What is the specific heat of an object that weighs 25 g and when heated to a temp of 500K and dropped into 100mL of water changes the temp of the water from room temp (293K) to 306K? Cp of water= 4.184
heat lost by object + heat gained by water = 0
[mass object x specific heat object x (Tfinal-Tinitial)] + [mass H2O x specific heat H2O x (Tfinal-Tinitial)] = 0
Substitute the numbers from the problem and solve for specific heat object.
To calculate the specific heat of the object, we can use the equation:
q = m * c * ΔT
Where:
q is the heat absorbed or released by the object
m is the mass of the object
c is the specific heat capacity
ΔT is the change in temperature
In this case, the object is heated from 293K to 500K, resulting in a change in temperature of ΔT = 500K - 293K = 207K.

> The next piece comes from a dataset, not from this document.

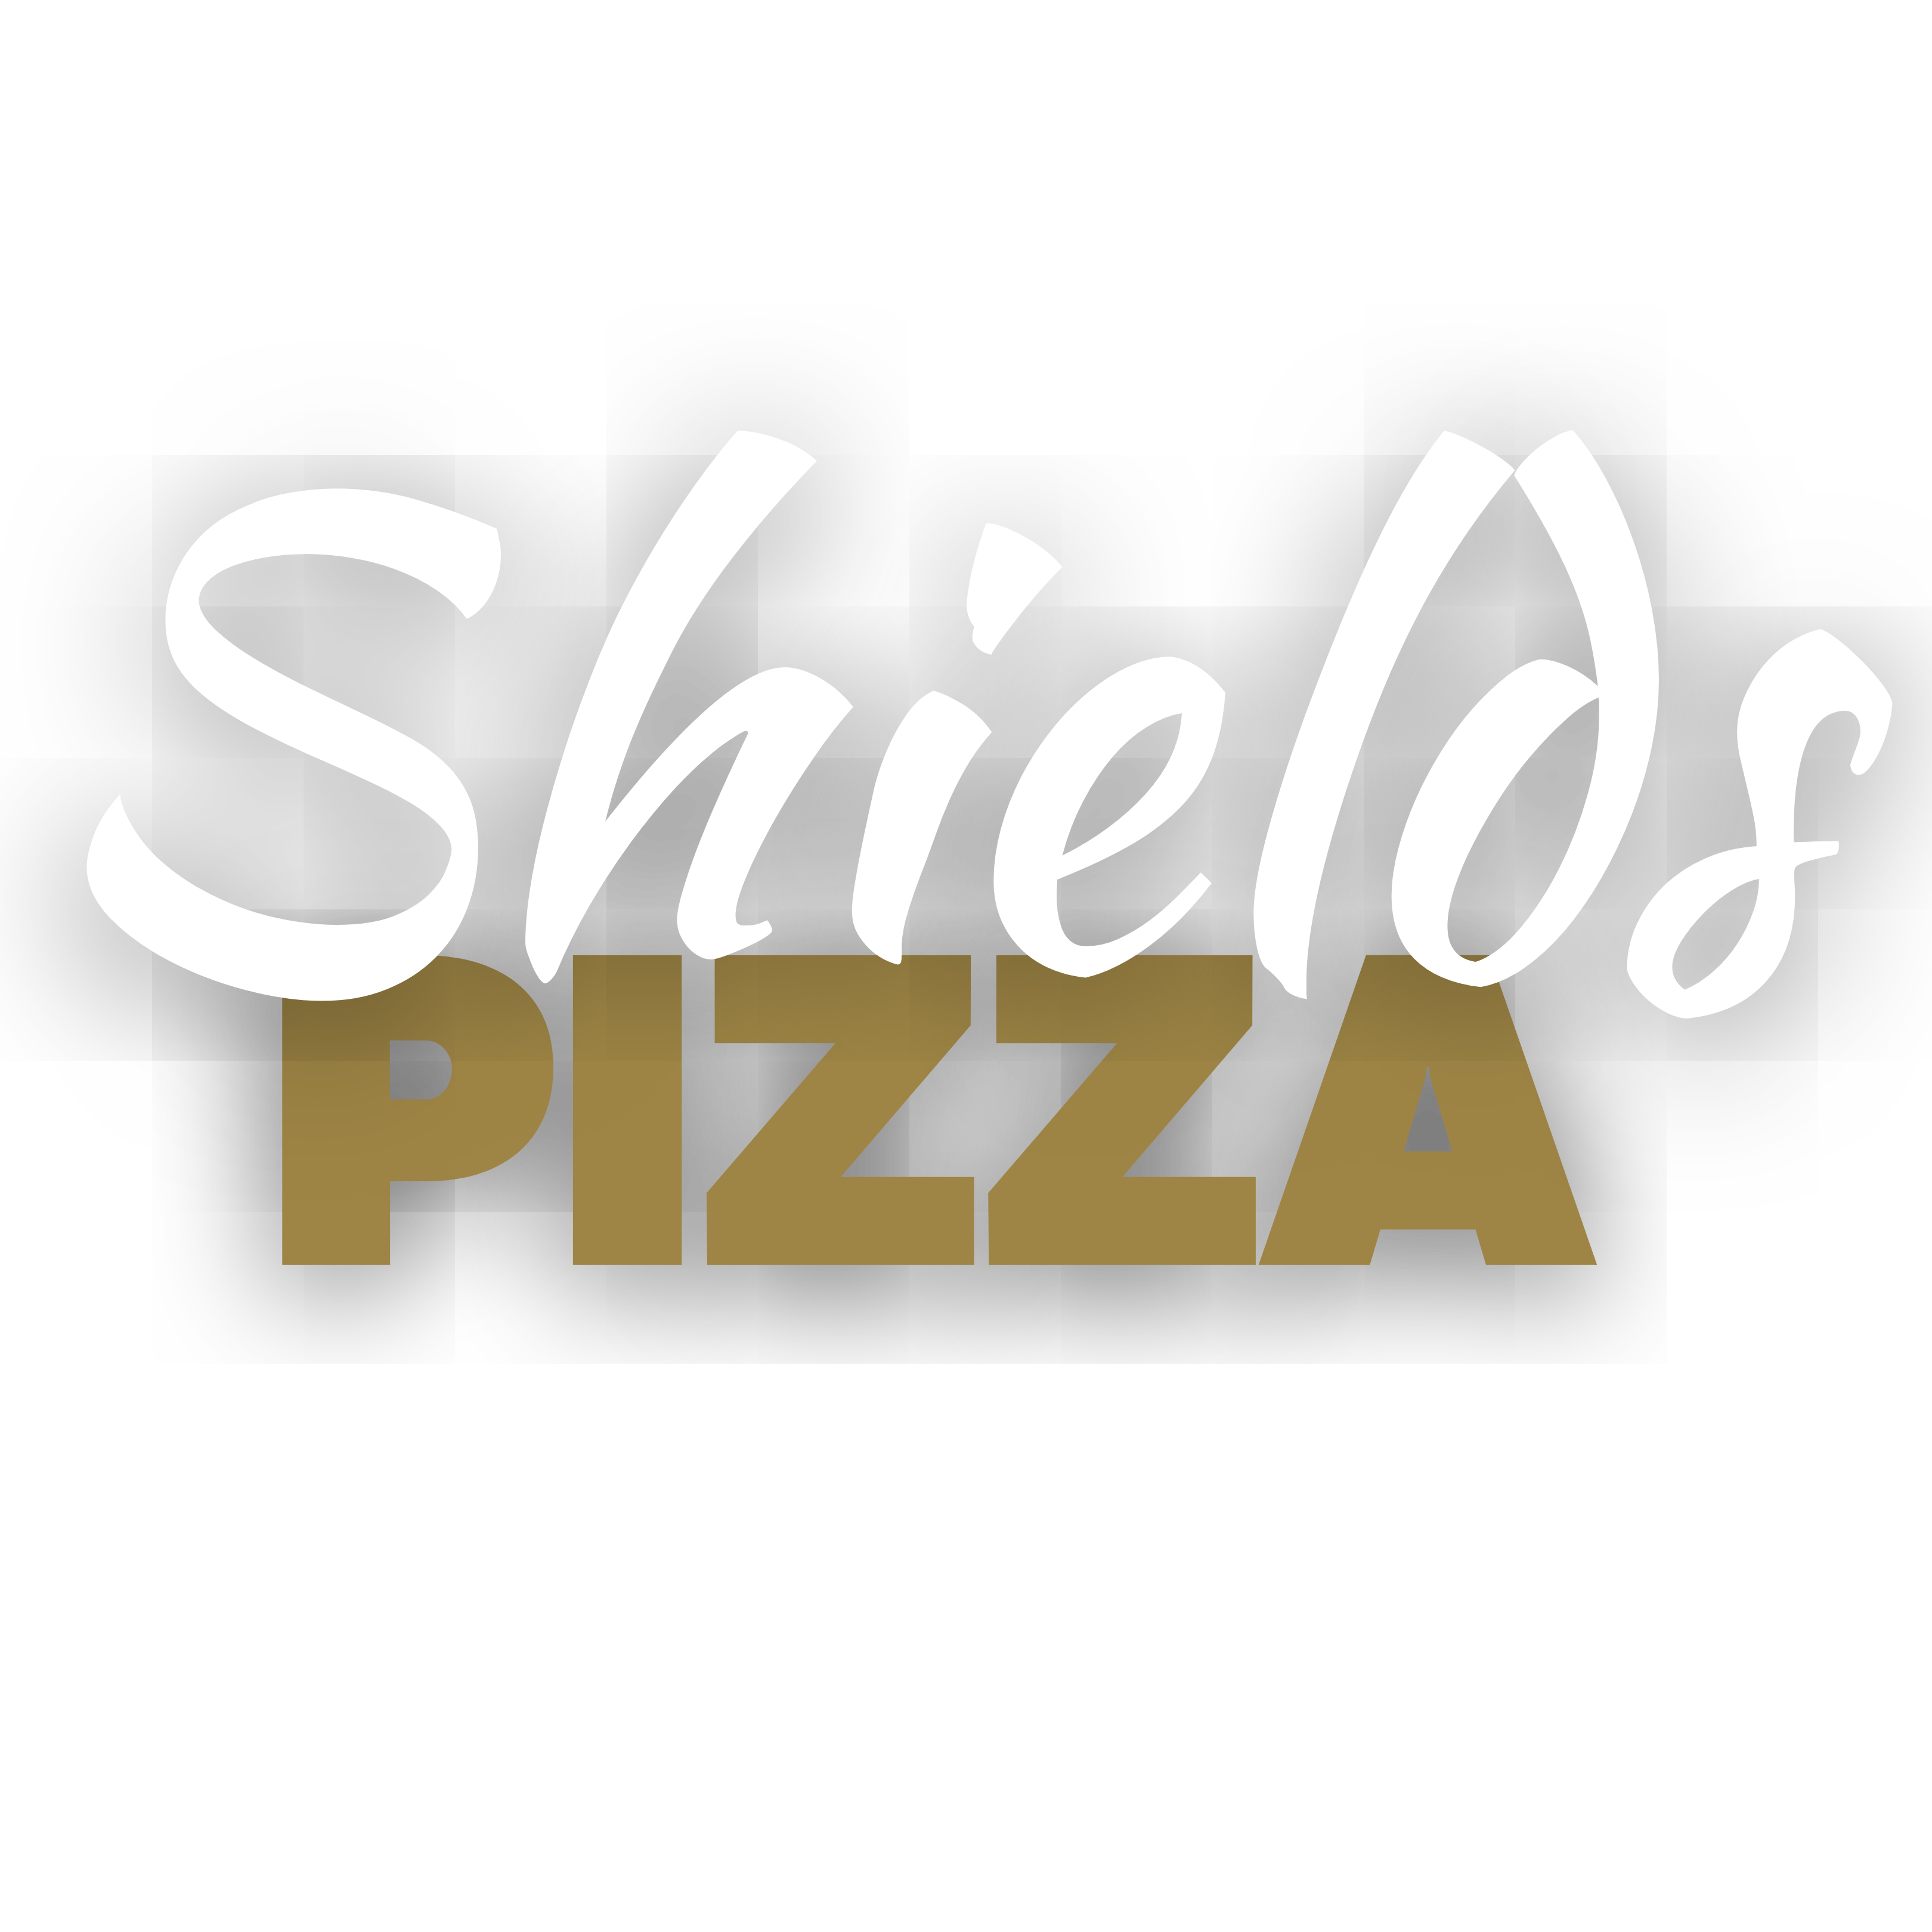 Shields Pizza Logo

The heat absorbed by the water can be calculated using the formula:
q_water = m_water * Cp_water * ΔT_water
Where:
q_water is the heat absorbed by the water
m_water is the mass of the water
Cp_water is the specific heat capacity of water
ΔT_water is the change in temperature of the water
Since the water is heated from 293K to 306K, the change in temperature is ΔT_water = 306K - 293K = 13K.
Now, let's substitute the given values into the equations:
q = m * c * ΔT
q_water = m_water * Cp_water * ΔT_water
Given:
m = 25g (mass of the object)
ΔT = 207K (change in temperature of the object)
m_water = 100mL (volume of water) -> Since grams and milliliters have the same units, we can directly use 100g.
Cp_water = 4.184 (specific heat capacity of water)
ΔT_water = 13K (change in temperature of the water)
Solving the equation for the object and rearranging for c:
q = m * c * ΔT
c = q / (m * ΔT)
Substituting the values:
c = q / (m * ΔT)
c = q / (25g * 207K)
Now, we need to calculate the heat absorbed by the object, q.
Using the equation:
q = q_water
Since the heat lost by the object will be equal to the heat gained by the water for no energy loss.
q_water = m_water * Cp_water * ΔT_water
q = 100g * 4.184 * 13K
Calculating q:
q = 100g * 4.184 * 13K
q = 54592 cal
Substituting the value of q into the equation for c:
c = q / (25g * 207K)
c = 54592 cal / (25g * 207K)
Simplifying the equation:
c ≈ 10.57 cal/gK
Therefore, the specific heat of the object is approximately 10.57 cal/gK.